Why JEE in the first place?

But why deploy in a JEE server in the first place? After having gotten used to the simplicity and manageability of Dropwizard services it is easy to pull your hair when you have to go back to a JEE server again. (This is the point where JEE 6/7 advocates will start disagreeing vehemently). Our services also have to support SIP connectivity, and we have concluded that the SIP Servlets API (JSR-289) is the most suitable API for that. If you are allergic to JEE, this is where the rash starts - JSR-289 is only supported in JEE environments, integrated with JEE application servers like Websphere, JBoss, Weblogic and Tomcat. And unfortunately there isn’t yet a SIP Servlet container integrated with Dropwizard.

Our need and love for SIP unfortunately leads us down the JEE rabbit hole. For others it might be corporate policies, legacy environments or simply integration requirements.

Is Dropwizard JEE's 15 year younger, leaner and better looking cousin?

What is Dropwizard anyway? One view of Dropwizard is that it is "JEE, the good parts" as it cleverly reuses open source implementations of key JEE specifications including HTTP Servlets (Jetty), JAX-RS (Jersey) and Java Bean Validation (Hibernate Validator).

What sets Dropwizard apart from JEE though is how it makes a single standalone Java application expose standardized lifecycle management, metrics, monitoring and health checks without going through a separate server.
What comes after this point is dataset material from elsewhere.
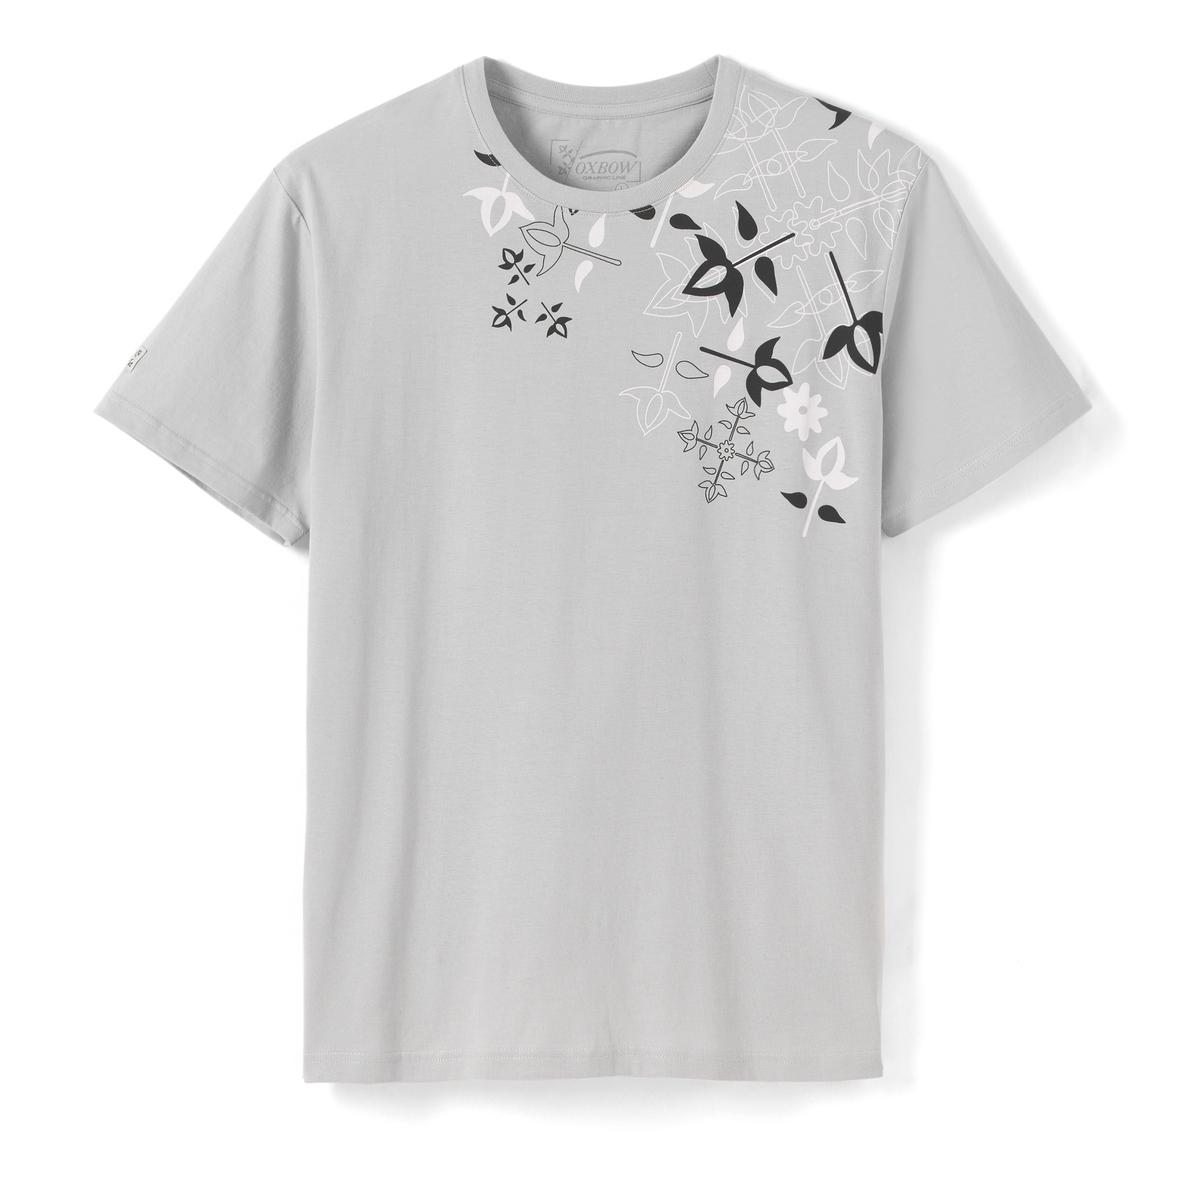 Футболка с рисунком TILARAФутболка, модель TILARA от OXBOW® - Короткие рукава - Прямой покрой- Круглый вырез- Шелкография спереди вокруг воротника с цветочным рисунком OxbowСостав и описание :Основной материал : 100% хлопокМарка : OXBOW®Уход :Машинная стирка при 40 °С<br><br>Цвет: светло-серый<br>Размер: M

Dropwizard applications hook in to Dropwizard's own APIs for configuration, lifecycle management and monitoring.

So Dropwizard is JEE's 15 year younger, leaner and better looking cousin with an opinionated attitude. If they met on the street, Dropwizard would totally pretend he didn't know JEE.

WizToWar - mixing oil and water

If you would simply change the packaging of your Dropwizard application to "war" and try to deploy the resulting WAR, unfortunately nothing happens.

WizToWar fixes that by acting as the glue that hooks in to the lifecycle of the WAR, initializes and feeds the Dropwizard service its configuration and registers its services (servlets, Jersey resources and Healthchecks) with the surrounding JEE Server.

WizToWar basically emulates what happens when you launch the "server" command for a Dropwizard application and translates that to the JEE server.

Having your cake and eating it too

With WizToWar you can generate a normal Dropwizard service and a WAR from the same source - in the same build.

You just need to add an adapter class, a configuration file (web.xml) and some additional build instructions (to also generate a WAR). You can find detailed instructions on how to get started on GitHub where we are hosting this open source project.

WizToWar enables us to continue to standardize on the Dropwizard programming model even for services that also require SIP connectivity and in the process streamline how we manage, configure and develop both SIP and HTTP-based services.